Being rejected does suck…what sucks most about it, for me, is that I followed the moment of rejection almost immediately by also rejecting myself.  I followed implicit blame from someone else with explicit self-directed blame. I built on that self-directed blame by tearing myself down, and followed that by refusing comfort from the person who rejected me… it was a terrible way to treat myself, and I don’t recommend it at all.

There’s more to consider; the underlying concern still troubles me, but I am not strong enough this morning to pursue it with clear thinking. It is what it is; sometimes ‘taking care of me’ means allowing myself time to get past something that hurts before considering it further. It is a choice that prevents me from becoming mired in a negative emotional experience; a serious risk for me, and one of my challenges with my TBI. (The PTSD and TBI do not play nicely together.)

Strangely relevant; I had a very powerful, positive, growth-directing, encouraging therapy session this week…I am already having to rest on those skills, and feel sad that timing has been such that there was no opportunity to celebrate them. Even the slightest attention on those hurt feelings rouses the lingering feeling of rejection lurking in the background waiting to attack me again (I admit that I feel unimportant that this thing that matters so much to me, personally, was of no interest or consequence whatsoever to anyone else in the household that day; there were other things going on, and we were each having our own experience).  So, yeah, today dealing with feelings of rejection seems important… It’s time to take another step on the path of emotional self-sufficiency, and to learn more about counting on being accepted and encouraged by me, myself, with such strength and reliability that no external rejection can really touch me. (Hey, that’s a goal – maybe a little over-reaching, but it’s a start.)

Perspective promises so much... there are still verbs involved.

Perspective promises so much… there are still verbs involved.

Today is a good day to understand that rejection does hurt; but it’s only a moment, and an emotion.
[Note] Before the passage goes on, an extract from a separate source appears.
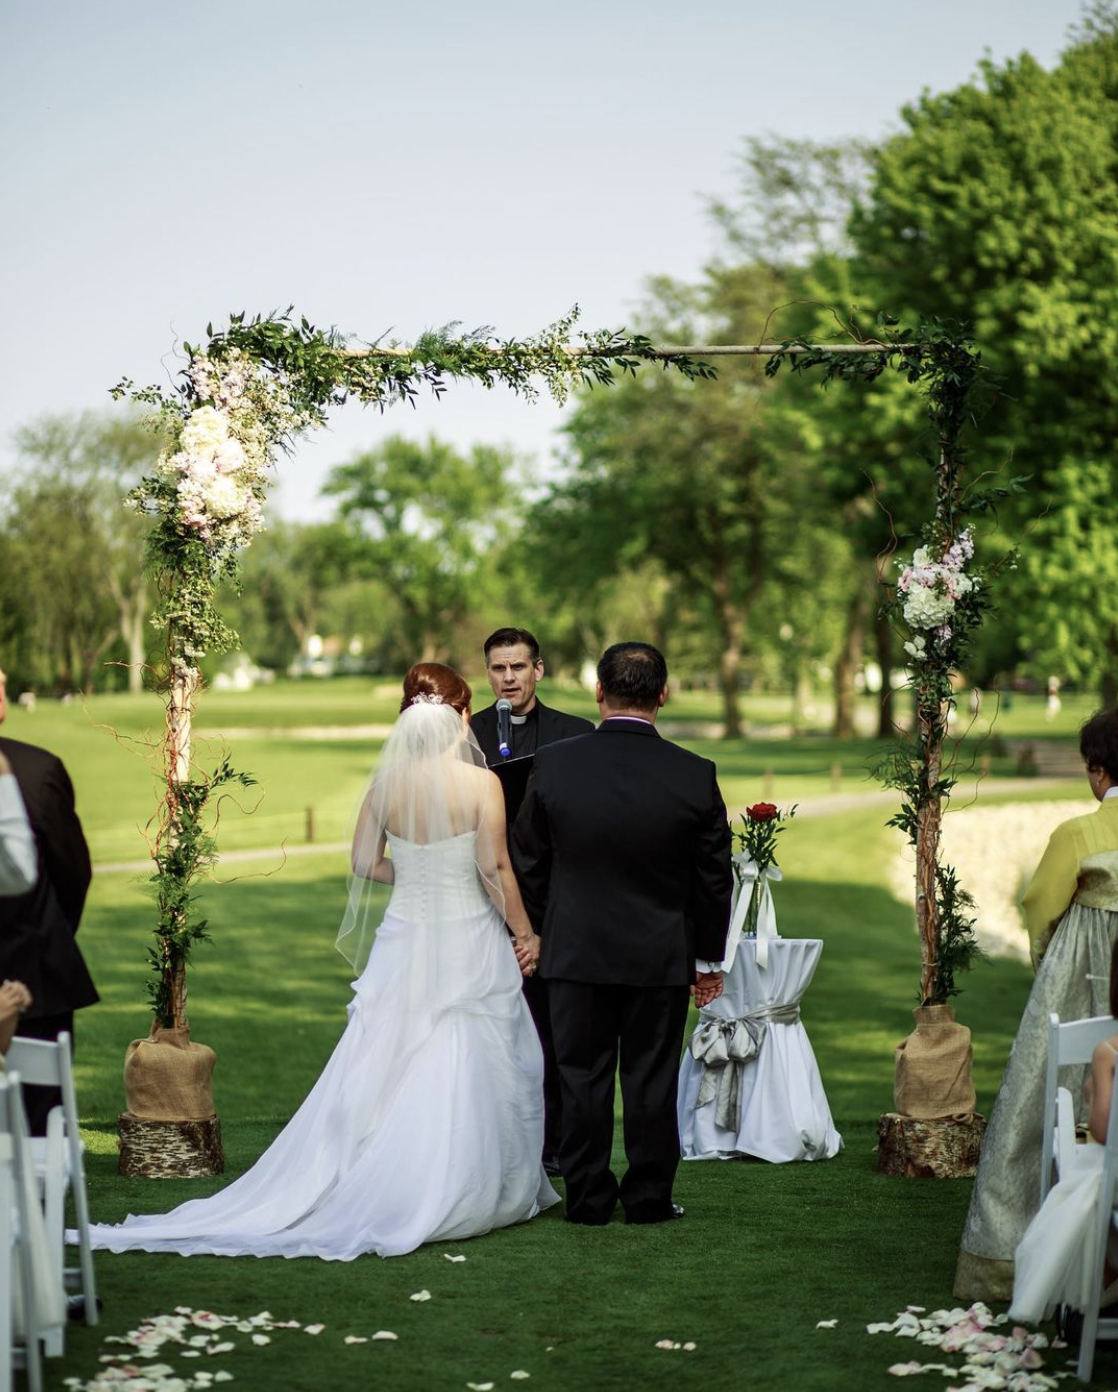 Bride and groom hold hands during wedding ceremony outdoors

We choose to react or respond, we choose how important we allow the moment to be, and we choose whether to inflict additional suffering on ourselves as a result of rejection. Today is a good day to allow rejection to direct our attention to someone else’s needs or boundaries, and understand rejection as ‘poorly handled boundary setting’ with compassion, and acceptance. Today is a good day not to take rejection personally. Today is a good day to change the perspective on rejection. Today is a good day to change my inner world.